Part / asset tracking and partial automation for energy management and part count is happening. Supply chain management and operations management is taking place moderately in phases as industries see it as easy to implement and beneficial.

Sensurising machine tools, shopfloor data collection and display of manufacturing information is democratising manufacturing and enhancing overall performance.

Human Resource Development

Industries need to train and equip their workforce in these new age technologies like artificial intelligence, machine learning, IoT, cloud computing, data analytics, robotics, cobots, etc. Seen from this perspective, upskilling and reskilling of labour force is extremely important.

Indian Machine Tool Manufacturers’ Association (IMTMA) through its technology centres in Bengaluru, Pune and Gurugram besides online training programmes and eLearn initiatives has been upgrading knowledge and enhancing skill-sets of engineers in digital technologies.

Government of India Initiatives for Digital Manufacturing

Union Government through the Ministry of Heavy Industries’ SAMARTH Udyog Bharat 4.0 aims to bring Industry 4.0 implementation. India introduced the National Strategy for Additive Manufacturing to postulate the tenets of Make in India and AatmaNirbhar Bharat Abhiyan.

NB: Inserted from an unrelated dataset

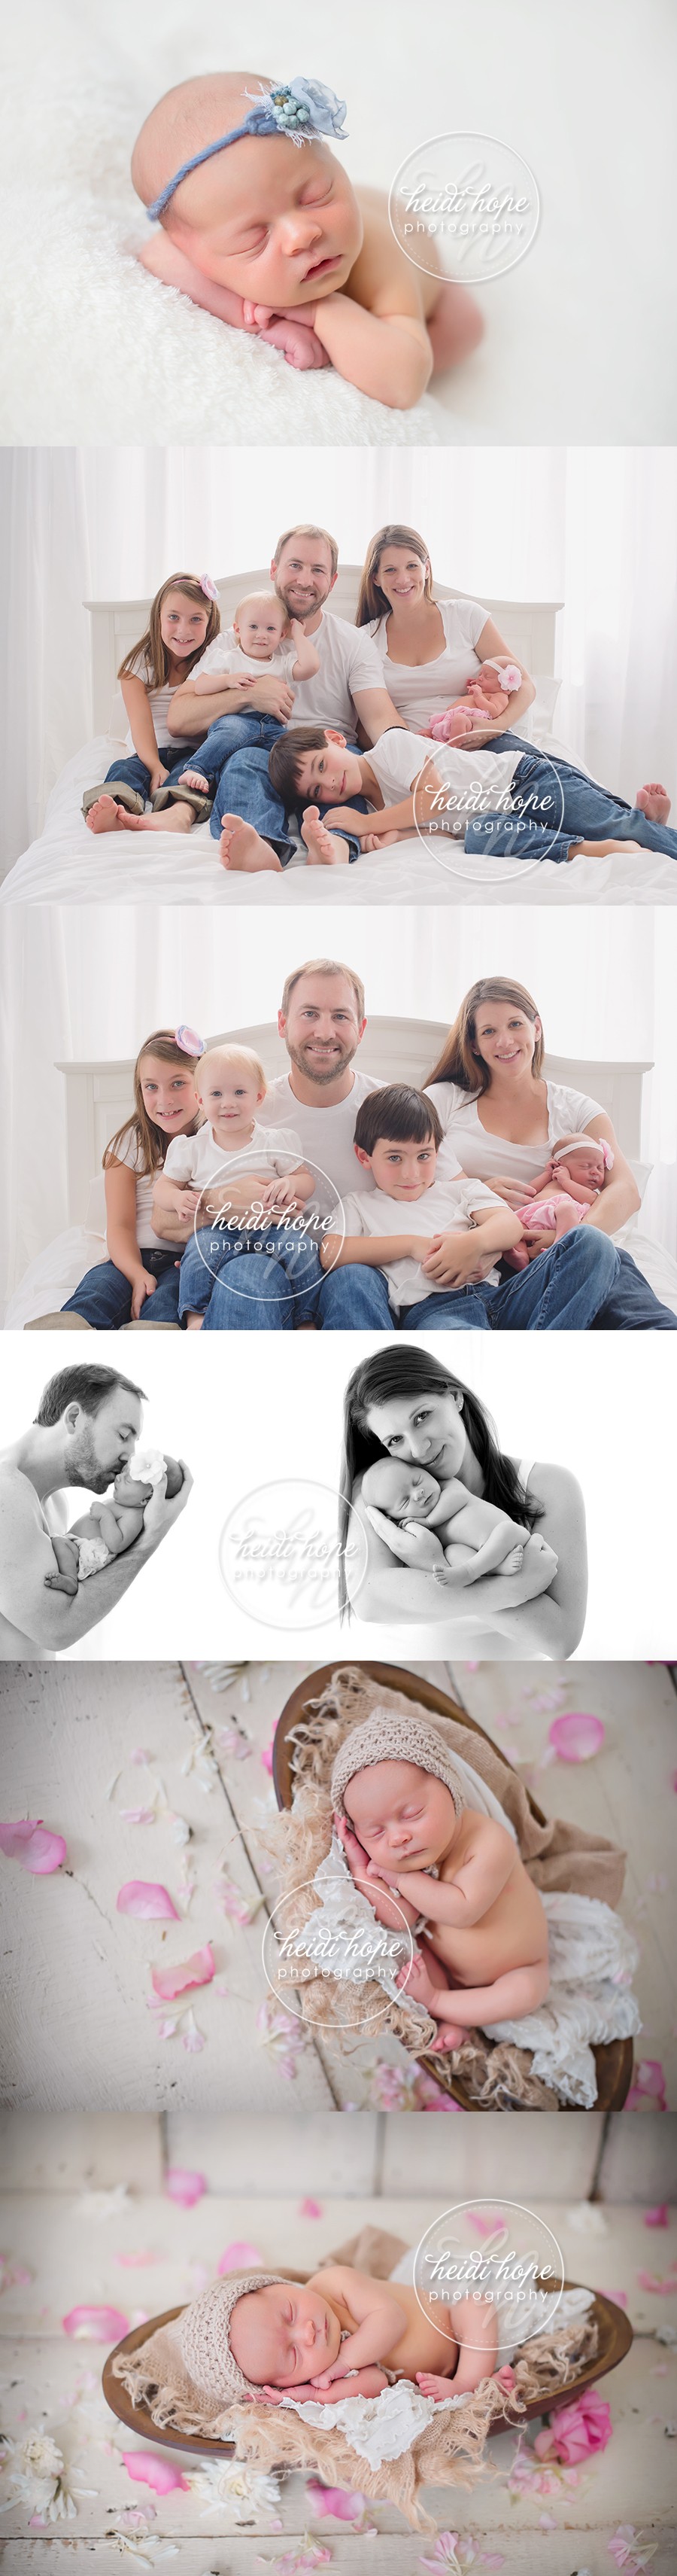 family of six newborn photos with siblings

The government envisages to position India as a global hub for additive manufacturing development and deployment. This will also help increase sectoral share of manufacturing in GDP, as envisaged in the National Manufacturing Policy.

Various state governments are also coming up with their own policies for adoption of digital manufacturing as part of their industrial policies. This would further enable MSMEs in the country to quickly understand the need and implement digital manufacturing at shopfloors.

Advanced Machine Tool Development Centre (AMTDC) at IIT-Madras recently launched the Smart Manufacturing Digital Transformation Centre (SMDTC) creating IIoT, database and manufacturing intelligence software platform for Indian MSMEs.

As an industry body, Indian Machine Tool Manufacturers’ Association (IMTMA) is associated with AMTDC initiative and proposing to work closely with SMDTC in training and industry adoption of Industry 4.0.

Digital Manufacturing Concurrent with IMTEX 2023

IMTMA has created a separate pavilion within IMTEX, one of the leading machine tool and manufacturing technology exhibitions in the world, which focuses on all the new age technologies which are a part of the digital manufacturing exhibition. IMTEX 2023 will be held from 19 – 25 January 2023 at BIEC, Bengaluru.

Machine tool manufacturers from across various countries will showcase these evolving concepts on digital manufacturing and offer customer specific solutions for user industries. This will help companies maximize the value of their products and processes by providing end-to-end visibility and control of production processes.

IMTEX 2023 & Tooltech 2023 will be held in an exhibition space of around 77,000 square metres. The exhibition will also feature an International Seminar, i2 Academia Pavilion, an Aatmanirbhar Bharat pavilion, international buyer-seller meet, etc.